I had egg collection last Friday, they collected 9 eggs- they had to stop halfway through as I was in so much pain(very frustrated with myself) but only 2 worked out.  They put them back in last Monday so at the halfway point of the wait.  I am not working during the wait as my boss is too demanding which is driving me crazy as this is all i can think about. 

Thank you again for your reply, its such a relief to hear from someone.


----------



## lyns76 (Nov 14, 2009)

Hi Ladies, 

Just want to wish you all the best of luck for everyone testing in the next few days

xxxxxxxxxxxxxxxxxxxxxxxxxxxxxxx


----------



## worzelbug (Jun 13, 2010)

Hi,

I am now 11 days post transfer and today I started with pink discharge with streaks of blood in.  SOrry for the info.  My period pains are very intense.  I have had shooting pains down my legs which i always get prior to my period.  I called the nurse to ask her advice and she said it was still too early to make a judgement.  She said as long as the cramps aren't heavy and it isn't a full bleed not to worry and continue with the meds.  Thing is the cramps are insane.  I have read that a few people get light spotting but this doesnt seem light.  It is quite heavy although at the moment it is still only when i go to the loo but i can feel it coming more heavily.  Feel so broken tonight.  I have read a few posts where people have managed to get a BFP but these are the few.  For most they seem to follow on to a full bleed and the dream is over.  

Be great to hear from anyone who has had a BFP after bleeding 11dpt.


----------



## lyns76 (Nov 14, 2009)

worzelbug so sorry that you are worrying about the outcome of your treatment, i really feel for you because i know exactly what you are going through honey having been there myself.  I personnaly know 3 ladies that all had heavy bleeds and thought it was all over but they turned out to be happy endings.
Wish i could wave a magic wand and make us all pregnant.
It is very hard but try not to worry too much, have a nice bath and try and put your feet up.

Good luck xxxxxxxxxxxxxxxxxxxxxxxxxxxxxxxxxx


----------



## worzelbug (Jun 13, 2010)

Hi lyns 76
thanks for your reply.

Unfortunately I woke up this morning and I have  full period.  It seems to have happened so quickly.  It is heavy and i dont think there is anything i can do now, I feel so numb, not sure I can put myself through this again, I take my hat off to everyone here who tries again but for me the stress is too much.  Worrying about every move knowing my instinct is right and then dealing with work..its all so intense.  Was not prepared for this journey.

Dont think there is any point going for my blood test on monday, think i might just console myself with a rather large glass of wine.

Even though i know it is over i am up at 5.30 still looking for signs it could work.  This whole experience has been both amazing and heartbreaking. the hope you get is priceless but the heartbreak seems so much more intense than a negative from trying naturally.

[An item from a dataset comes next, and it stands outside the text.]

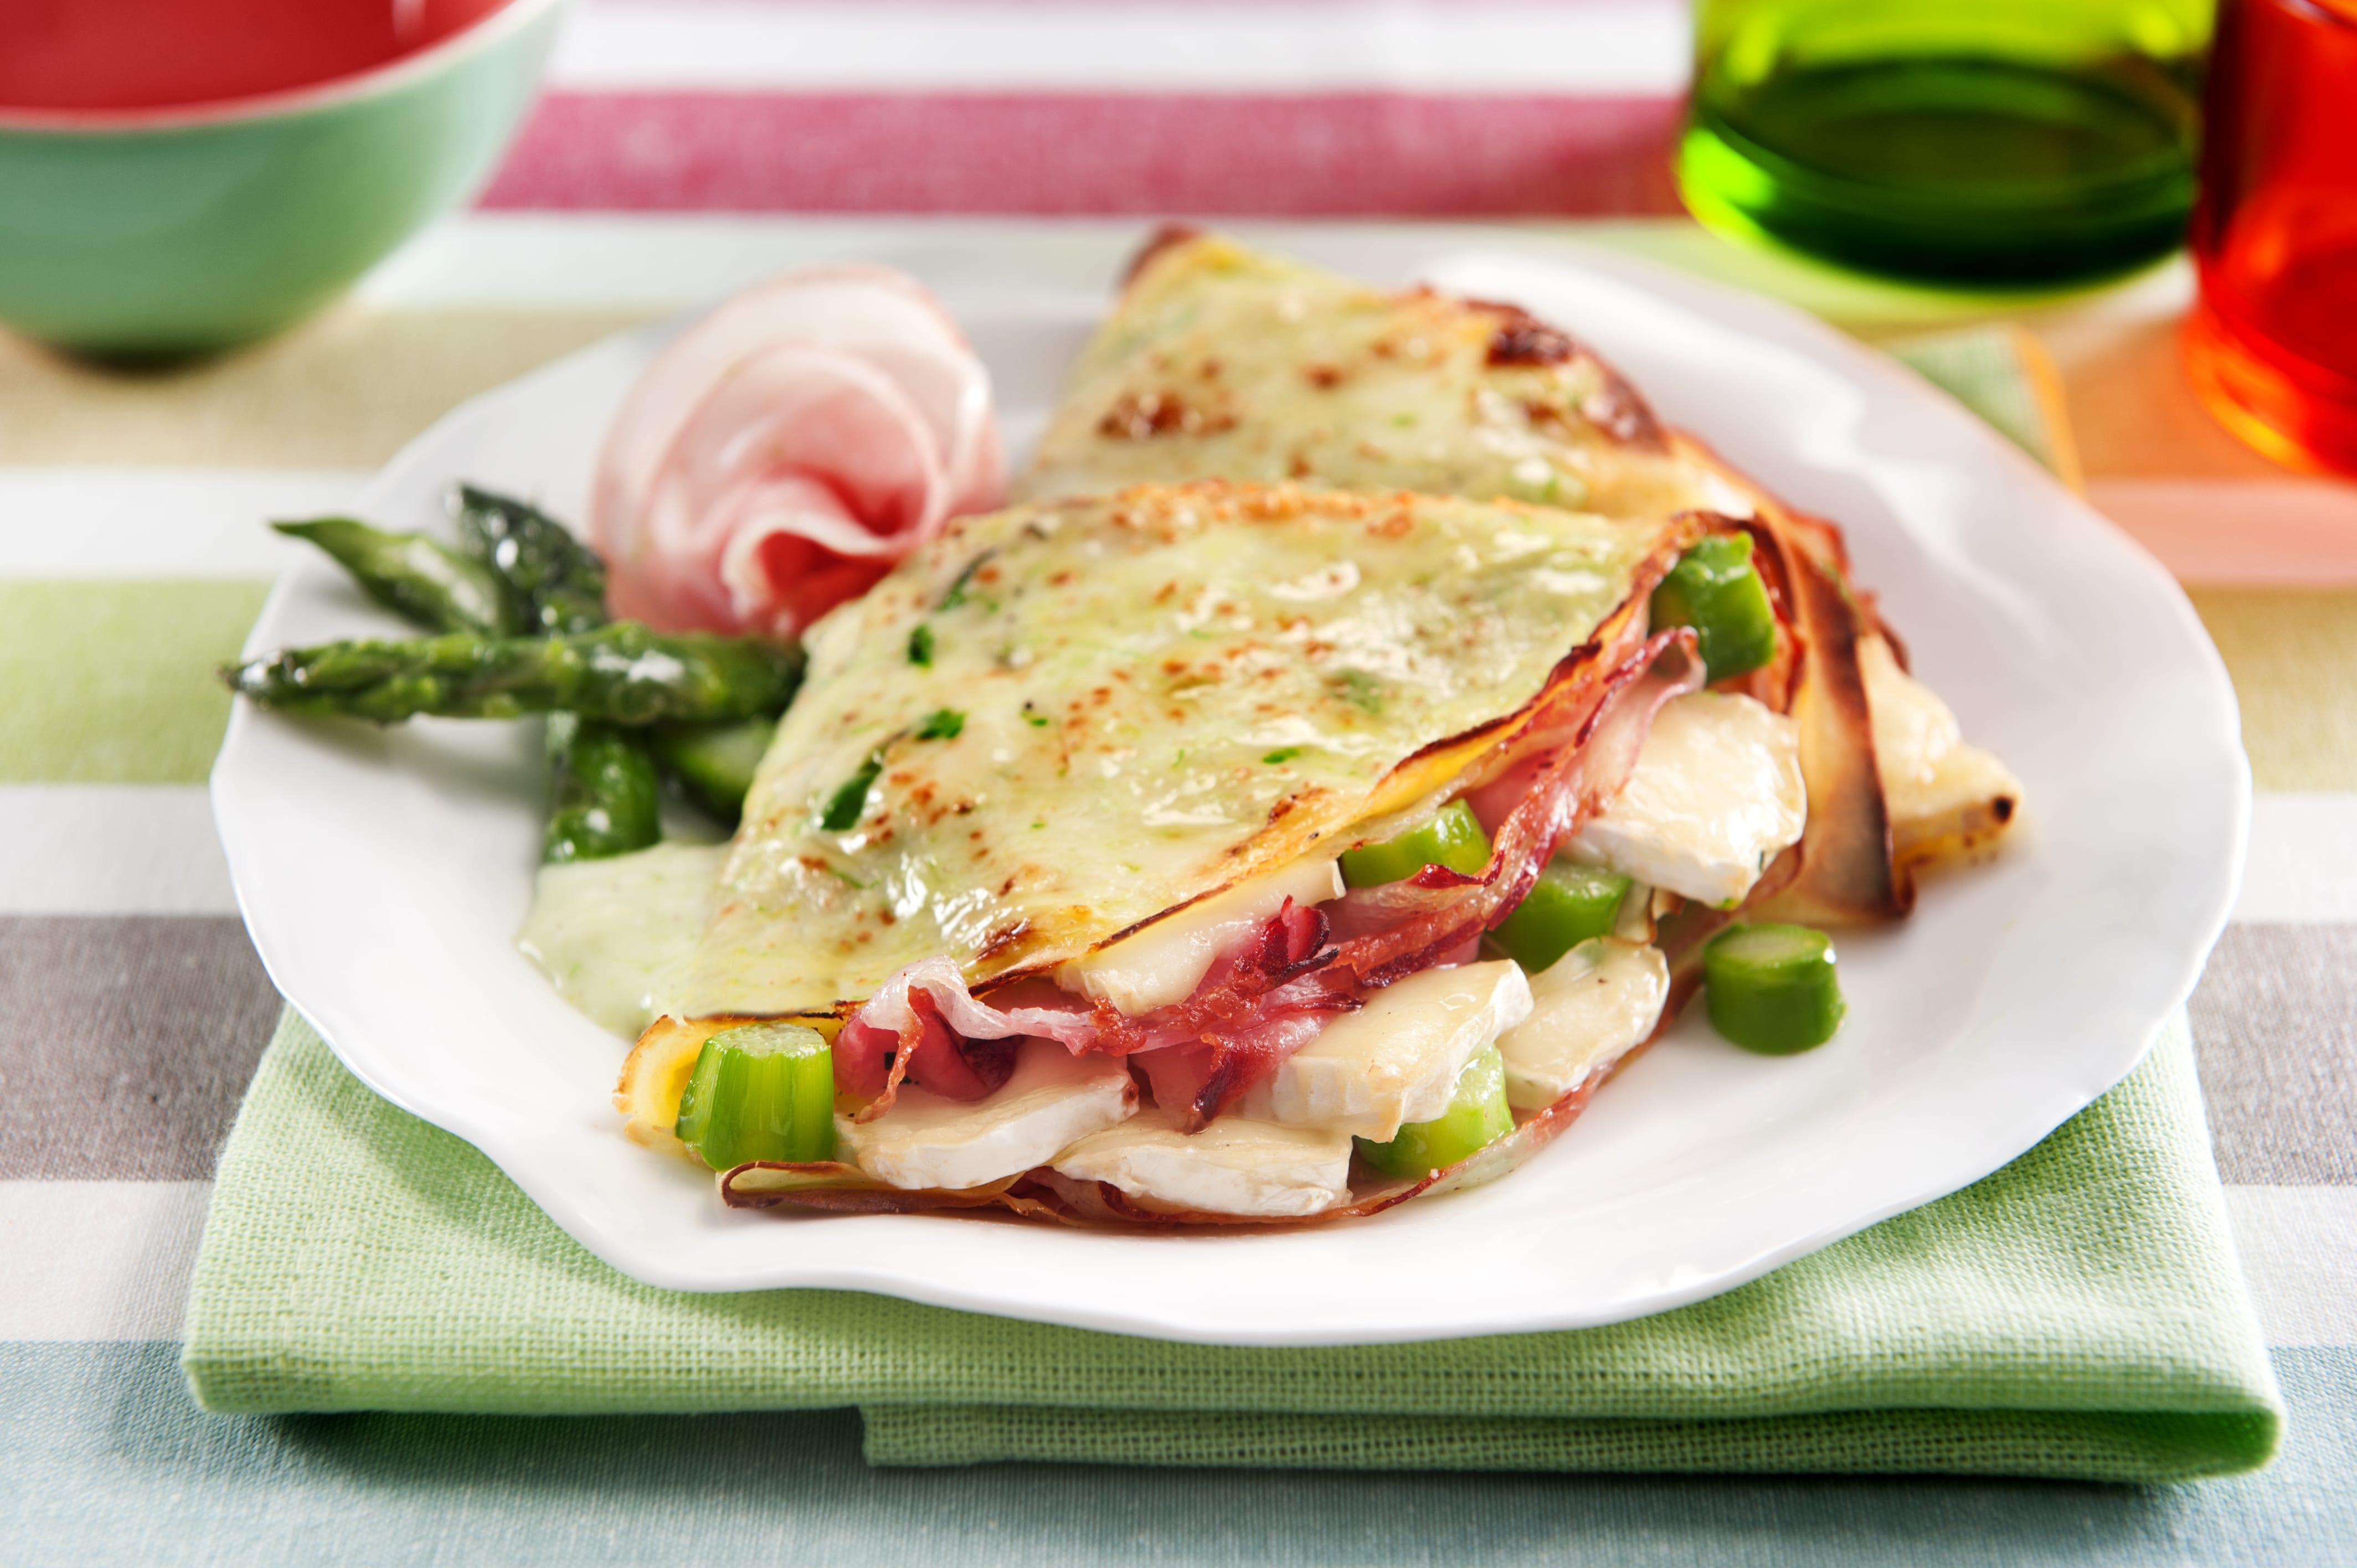 Crêpes gratinate con asparagi, pancetta arrotolata e brie

feeling totally broken and a failure right now.  My poor partner didnt sign up for this when we got together and because of me his hopes are dashed too.

I just want to wish everyone good luck in their 2ww and hope you have more success than me.  Lots of love.  xx


----------



## caroali (Jan 6, 2010)

Hi Worzelbug,

Oh! I am so sorry it hasn't work for you,  don't know what to say, I can't imagine how it feel as it's my first cycle too! I am sending you lots of hugs.     Hope you look after yourself with your partner and go easy on the wine!

Caroali xx


----------



## worzelbug (Jun 13, 2010)

Thanks for your kind words Caroali.  Decided to to do a hpt earlier as my partner was still clinging to a tiny bit of hope that it might still work, think we both needed closure.  It was a BFN obviously. Spoke to the nurse and she agreed it was unlikely that this had been successful.  She said i still needed to take my meds until Monday and I need to go for the blood test on Monday regardless as they need to make sure the hormones are gone and that I am safe although I am more sceptical and feel this is just for their paperwork- but then today i am filled with negativity.  Funny thing is all the way through i had a weird allergic reaction to something which showed on my chest.  2 days ago it started to calm and now its gone so i think this had something to do with it too but no idea.  I didnt realise how much i would want answers for why it didnt work but its just one of those things we will never know.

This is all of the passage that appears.